Working data:
◆ ◆ ◆ ◆

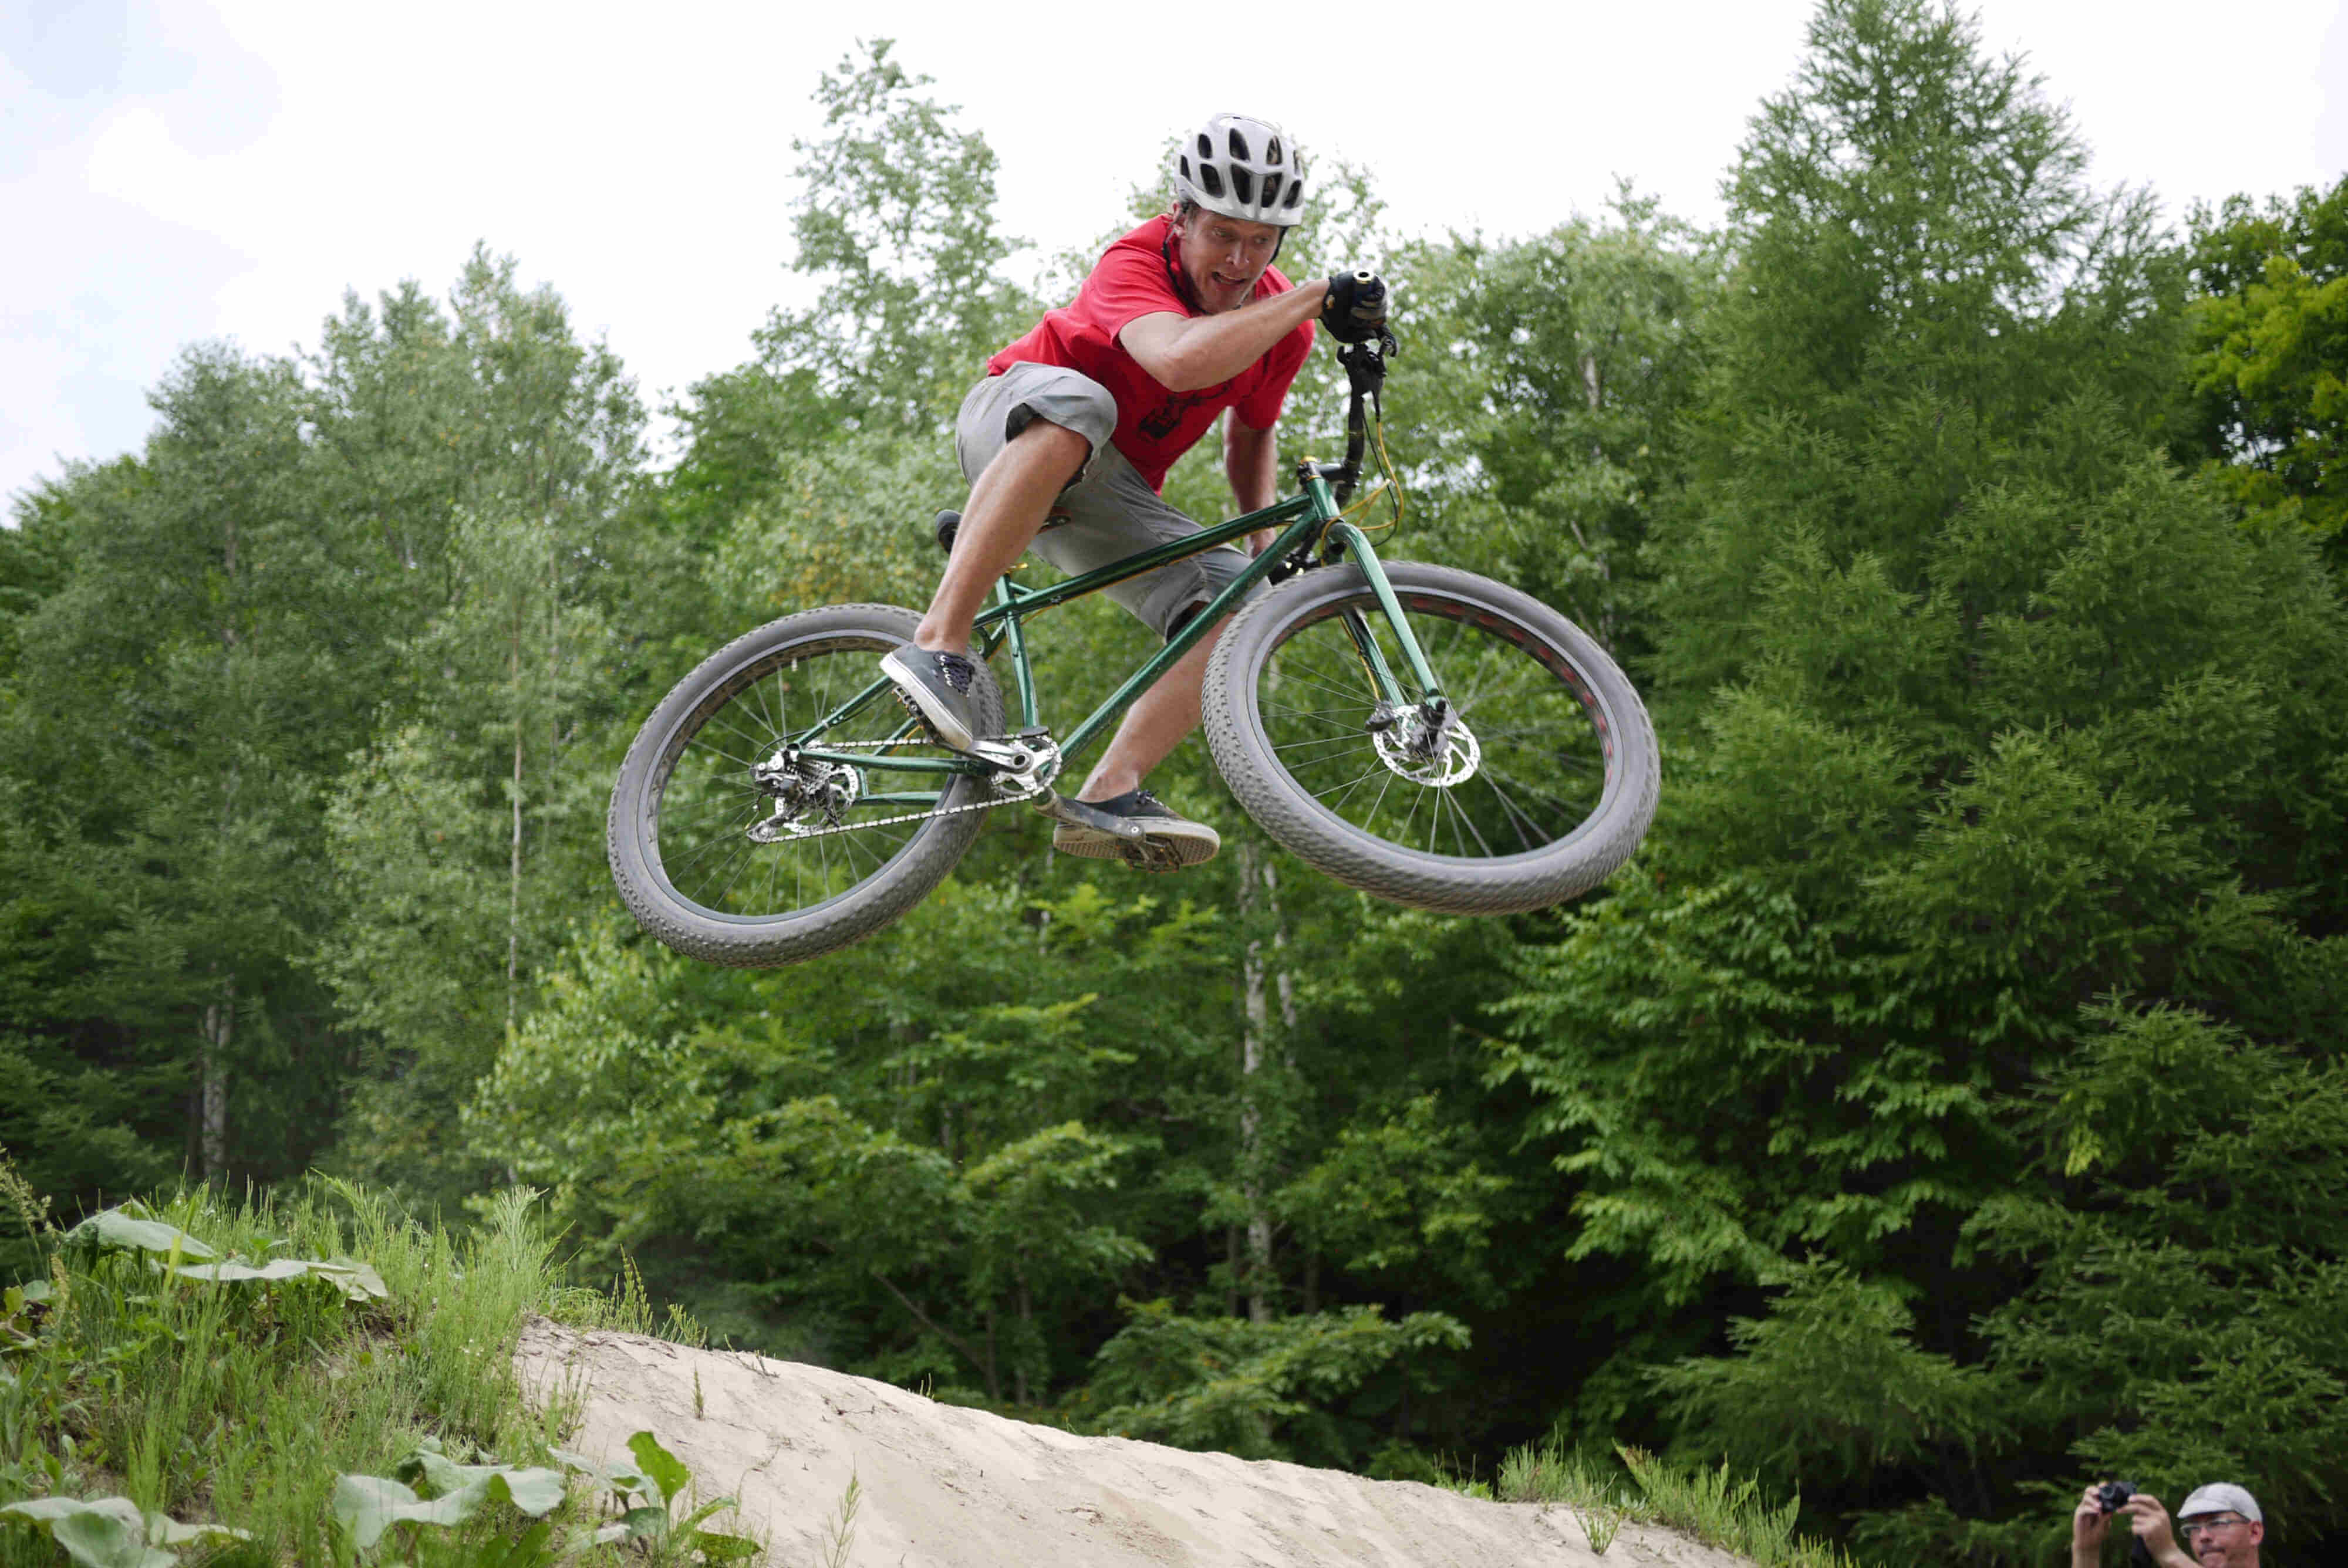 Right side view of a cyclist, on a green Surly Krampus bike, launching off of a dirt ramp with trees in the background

◆ ◆ ◆ ◆

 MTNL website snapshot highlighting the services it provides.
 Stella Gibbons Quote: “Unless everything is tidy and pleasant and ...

◆ ◆ ◆ ◆

Activity: Go to the line in the material above that contains "MTNL website snapshot" and copy exactly from there through the line that contains "pleasant and ...", stopping after it.

Response box:
 MTNL website snapshot highlighting the services it provides.
 Stella Gibbons Quote: “Unless everything is tidy and pleasant and ...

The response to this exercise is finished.